Some would argue that I'm useless WITH anything with strings, keys..
Ahem. "Law And Order", as everyone knows, is a staple of modern american culture. Like a crime comedia dell arte, the characters -- archetypes without homes, personal lives, refrigerators, or weekends -- doggedly weave their way through the flawed alleyways of the american justice system. With a gritty New York sensibility, they get the job done as best they can. Half an hour for the cops, half an hour for the lawyers. We zip in and zip out. Right?

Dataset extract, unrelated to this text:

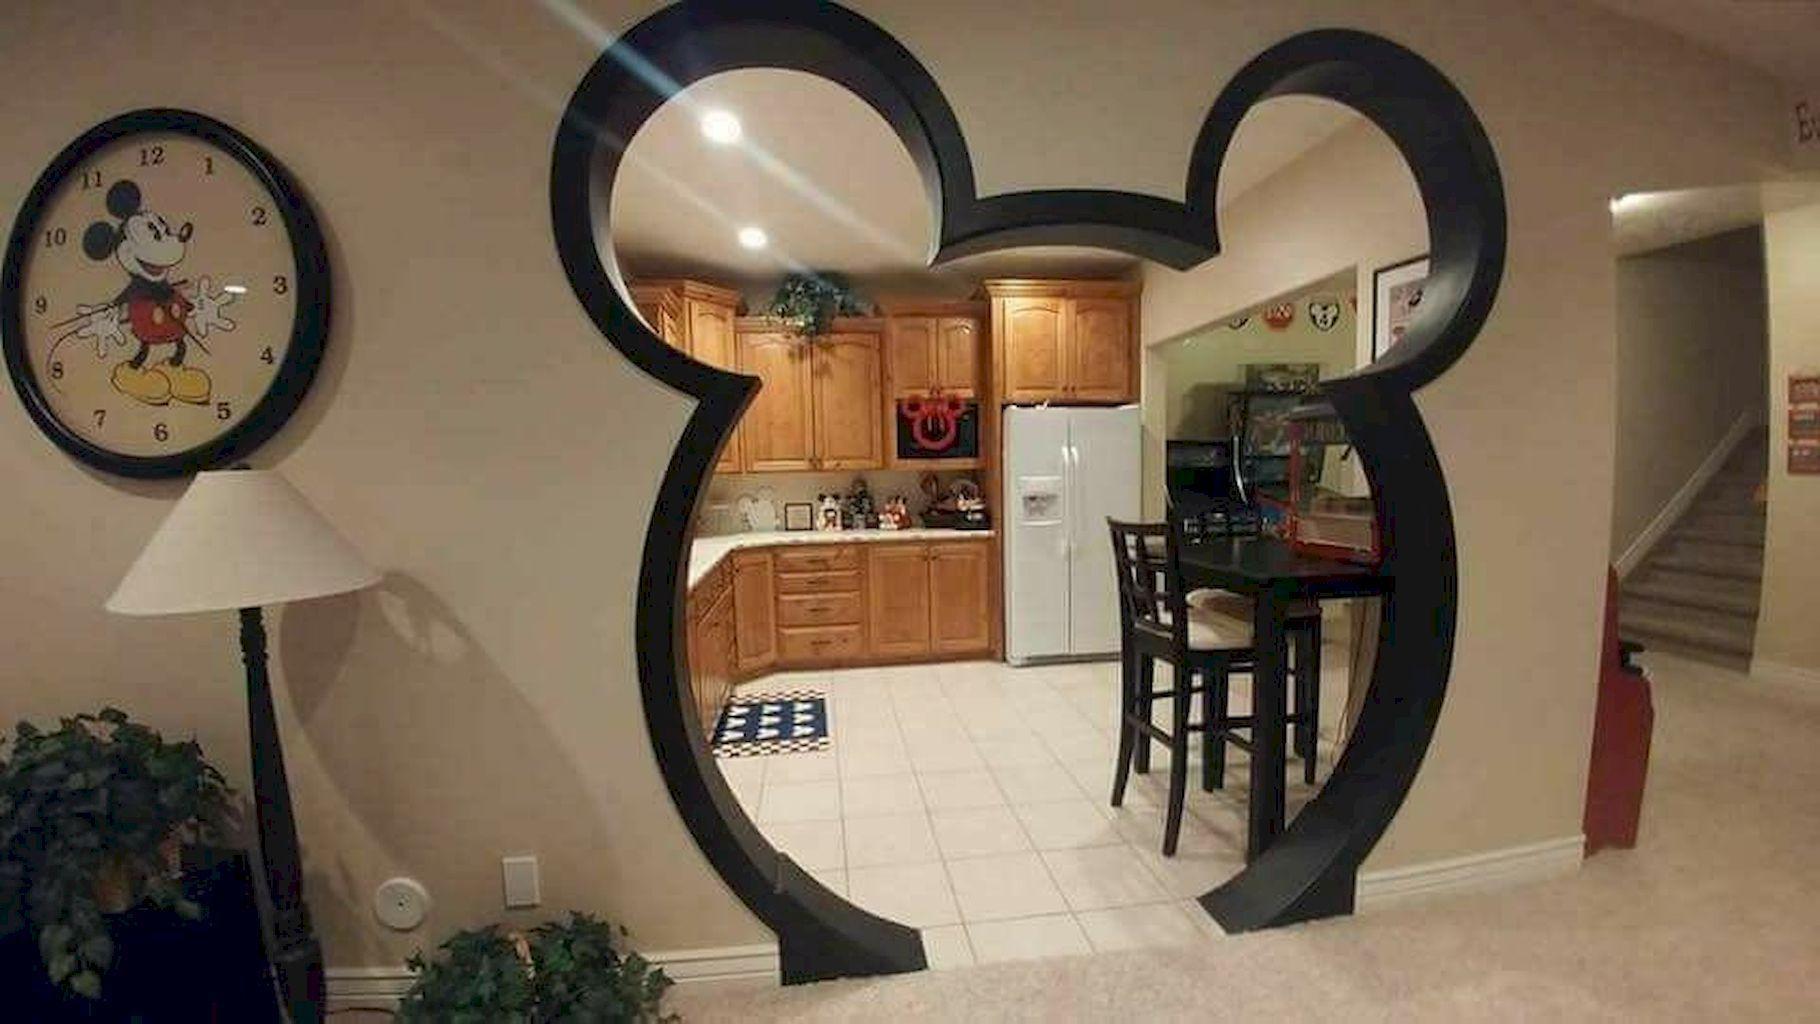 20 Diy Disney Apartment Decorations Ideas 15 Disney Home Decor Disney House Ideas Disney Room Decor

Nowadays, not so much. I'll admit, the fact that my dad starred on the show for 12-odd years makes me a little biased. I'll also say that hanging around the set of a TV show has a way of taking some of the magic out of it. Once you've seen with your own eyes that the sunlight streaming into Jack McCoy's office is in fact a big old 10k soundstage lamp, a hole that can never close gets poked in the illusion. But for me, the kicker was R. Hudson...
I don't know if it's still there, but back when I was visiting my dad at the studios there was a set where they did all of the morgue scenes. Like every functional morgue, there was a wall of steel, clamp-secured doors, behind which were presumably sliding deep-freeze trays where bodies would be kept. One day, a crew member helped me to discover that there no sliding trays behind a majority of those doors. It was mostly a flat wall of doors. And, behind one door of a fictional corpse labeled "R. Hudson" was a window....it had a clear, unobstructed view of the Hudson River.
I now knew where the magician kept the rabbit. The show, after that moment, even at its best, was harder for me to take seriously.
Of course, the fact that I had a bit-part on a spinoff and was canned after a season is liable to make me just a hair more biased. But I don't think it's jilted shit-slinging to say that "Law And Order" really doesn't pack the punch that it used to. Why? Here's one theory of mine:
The prosecutors got TOO HOT!!
This wasn't always the case. Jill Hennessy was a perfect ADA. Now, I'm not saying for one moment that she isn't hot. I mean, my god! Have you seen her?? She's a knockout. But she was a good enough actress to get into the role she played. I was on a grand jury for 4 weeks. I know what your average ADA looks like. They aren't glamorous. They DON'T have perfect make-up. They don't walk with the poise of a greek statue (or a Czech runway model). They slouch, they don't sleep, they have too many cases. They're NORMAL. And that's why Jill was so good. Even though she's a very attractive woman in real life, she slipped on the glasses, hunched over her paperwork and she was BELIEVABLE. She WAS that harried, state-employed worker bee, unglamorously toiling in the name of justice. And she radiated a lawyerly sense of intellect, despite being cute.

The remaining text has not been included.